[Start of section]

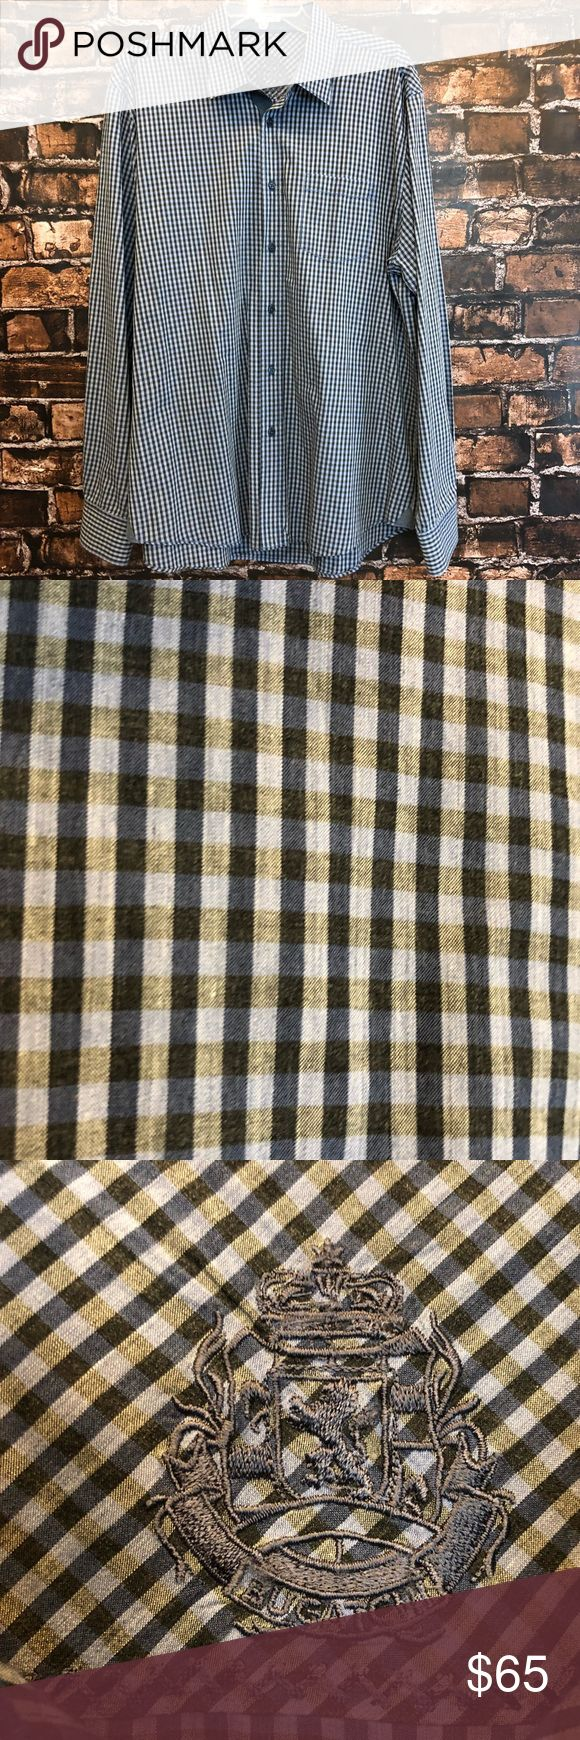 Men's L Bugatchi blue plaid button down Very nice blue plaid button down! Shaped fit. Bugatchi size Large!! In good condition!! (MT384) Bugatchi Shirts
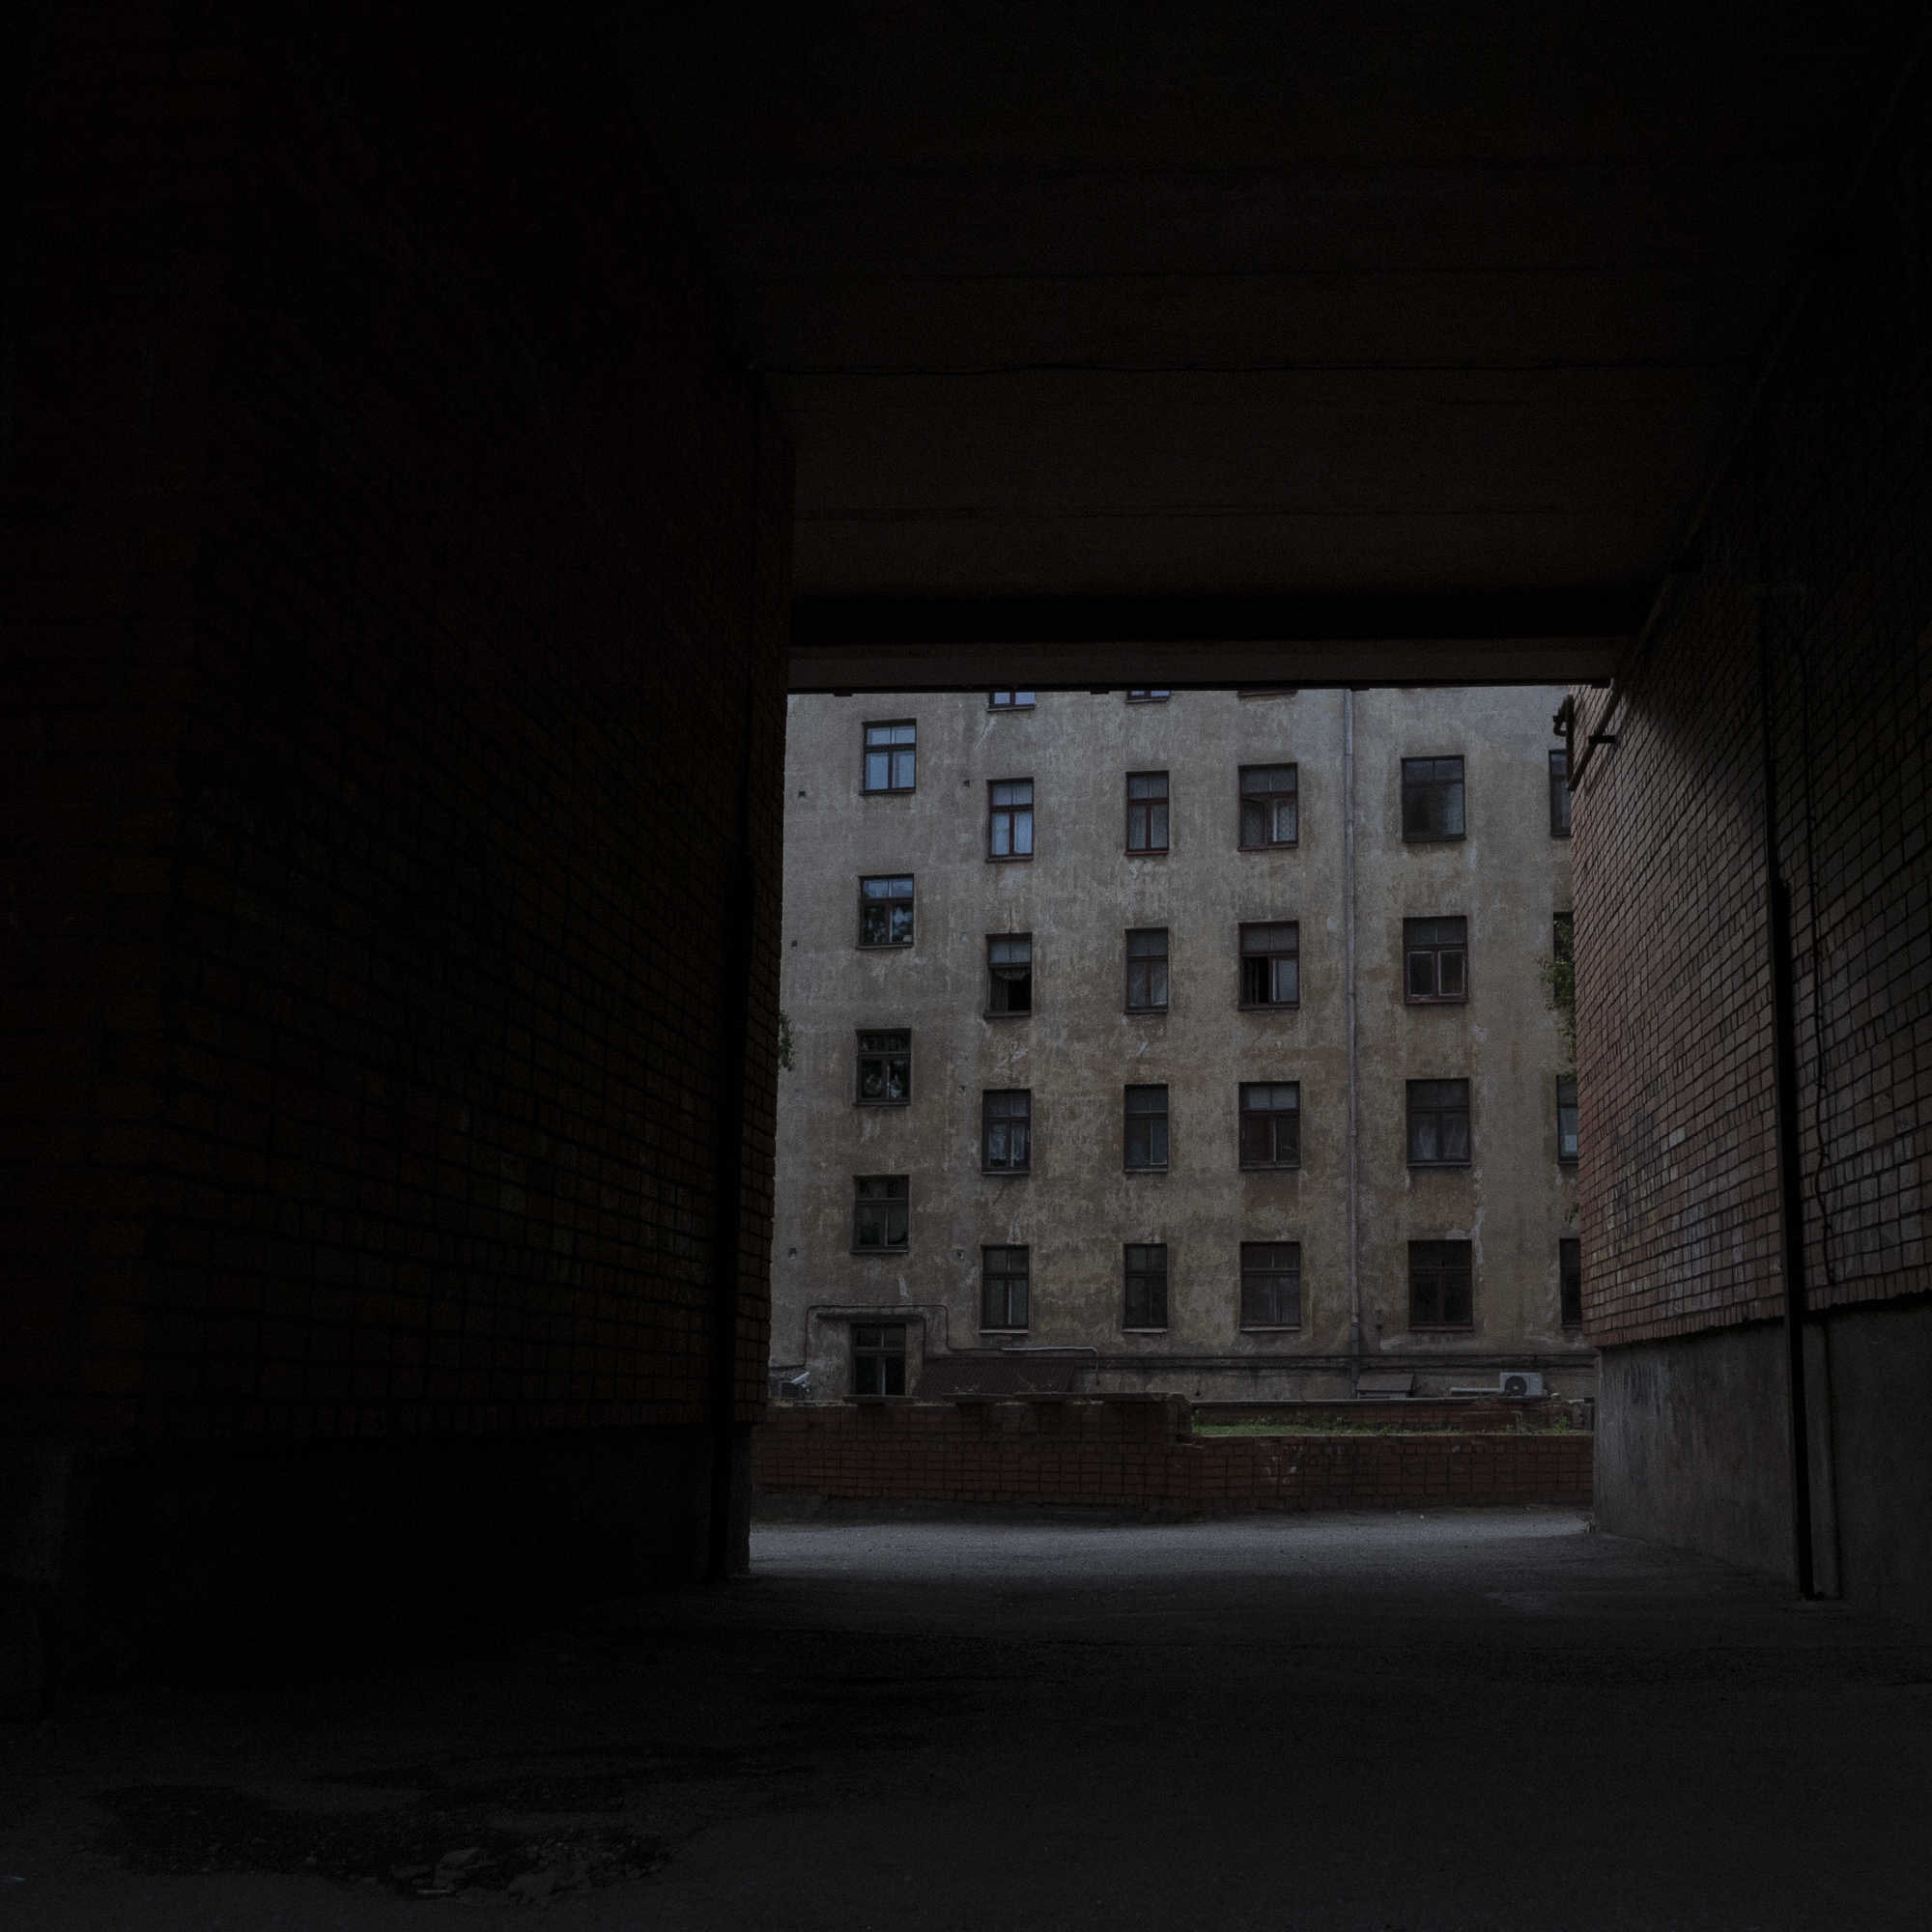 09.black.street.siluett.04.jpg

[End of section]
[Start of section]

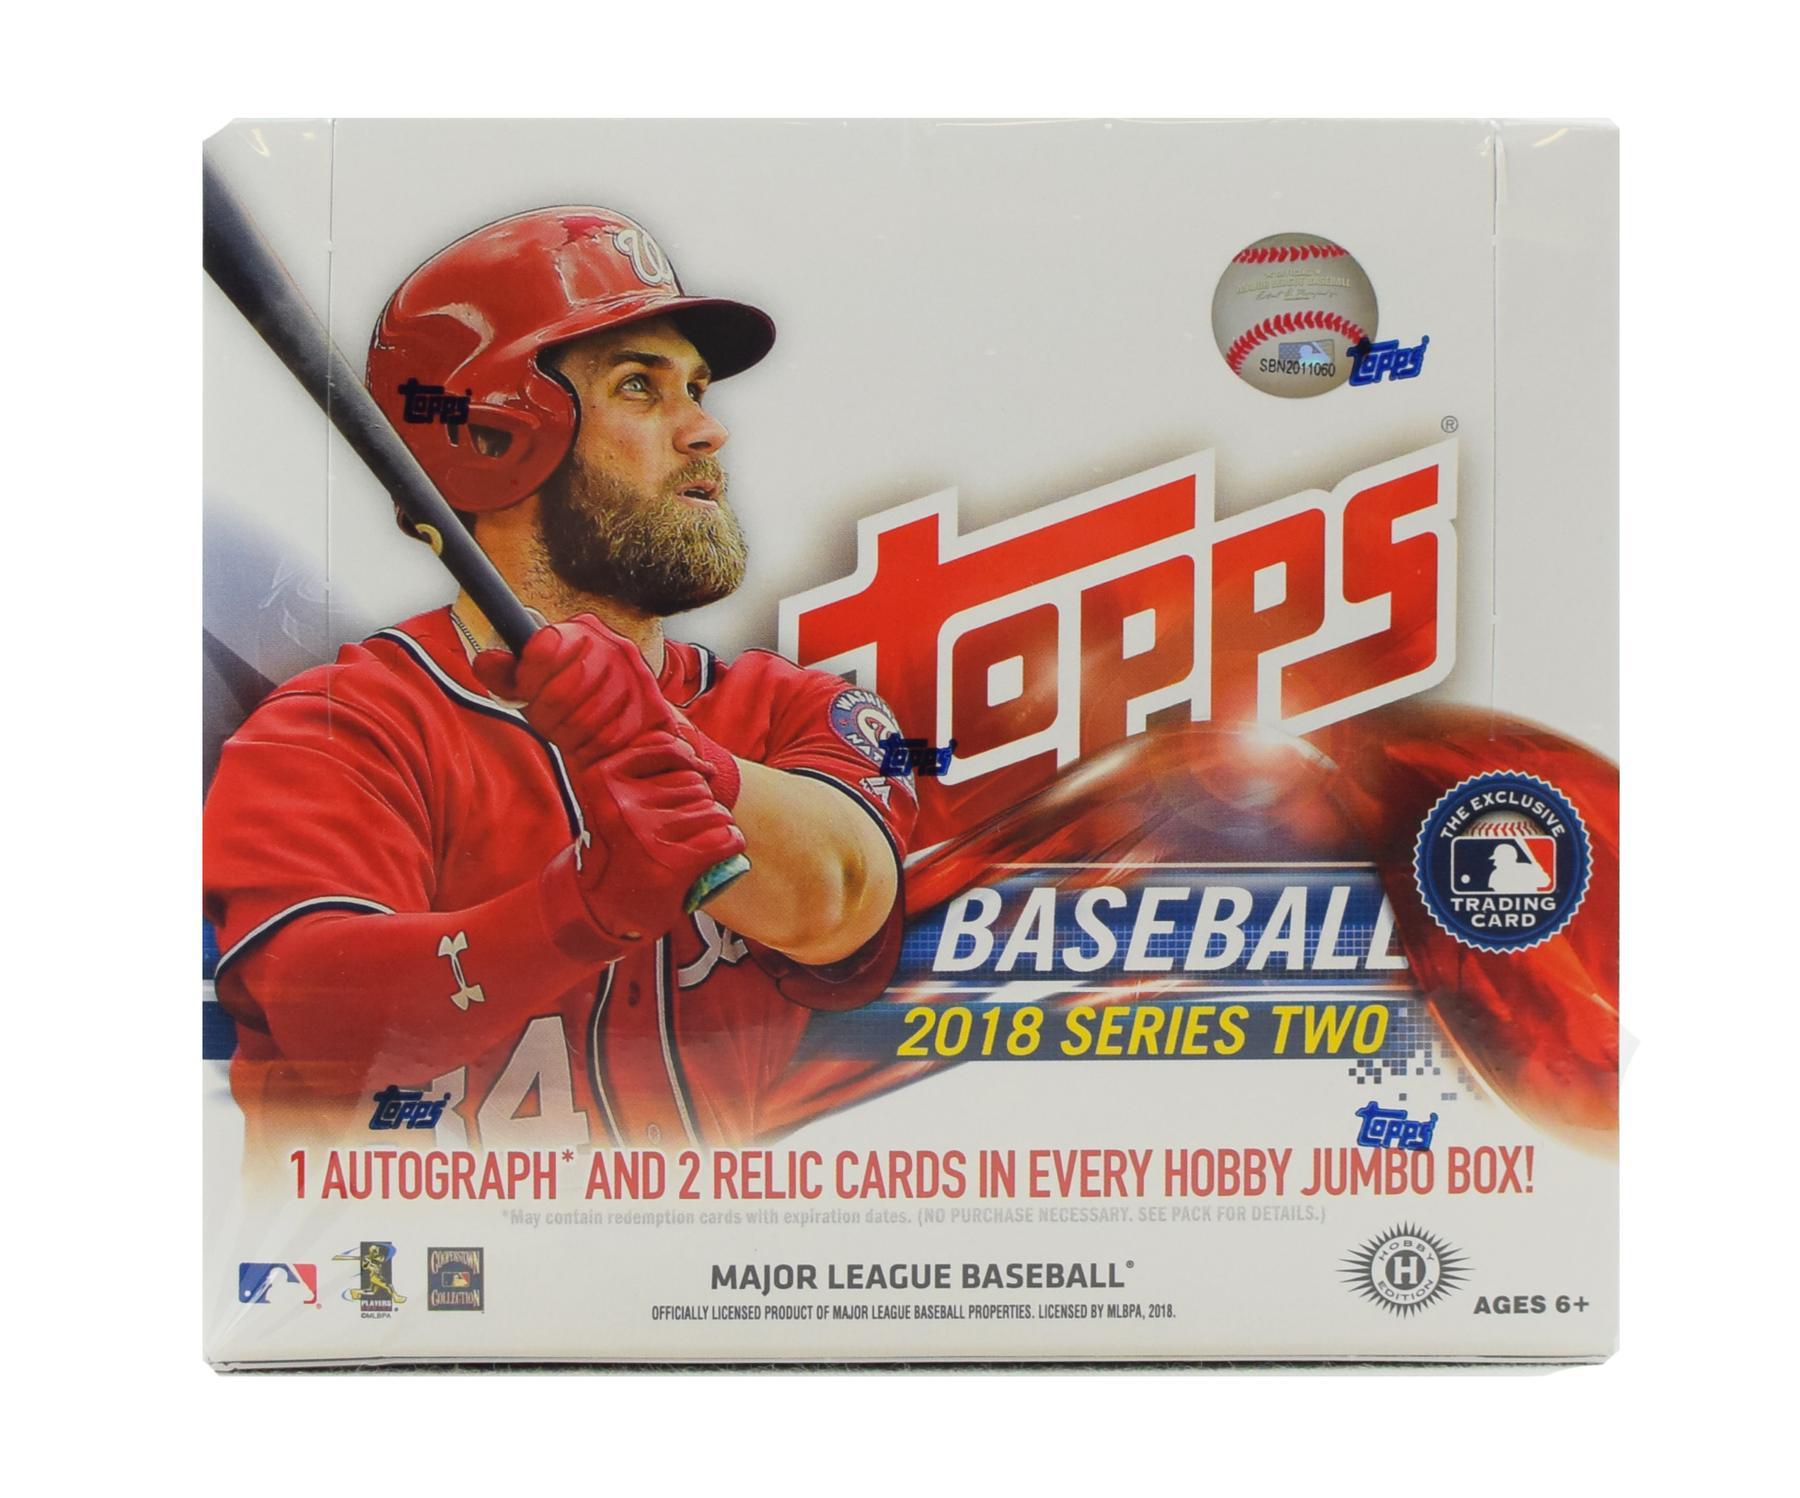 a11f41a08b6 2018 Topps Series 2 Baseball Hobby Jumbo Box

[End of section]

Task details — Give back exactly the lines above that run from the one with "Men's L Bugatchi" to the one with "09.black.street.siluett.04.jpg", including both, with the pictures left out.

Response area —
 Men's L Bugatchi blue plaid button down Very nice blue plaid button down! Shaped fit. Bugatchi size Large!! In good condition!! (MT384) Bugatchi Shirts
 09.black.street.siluett.04.jpg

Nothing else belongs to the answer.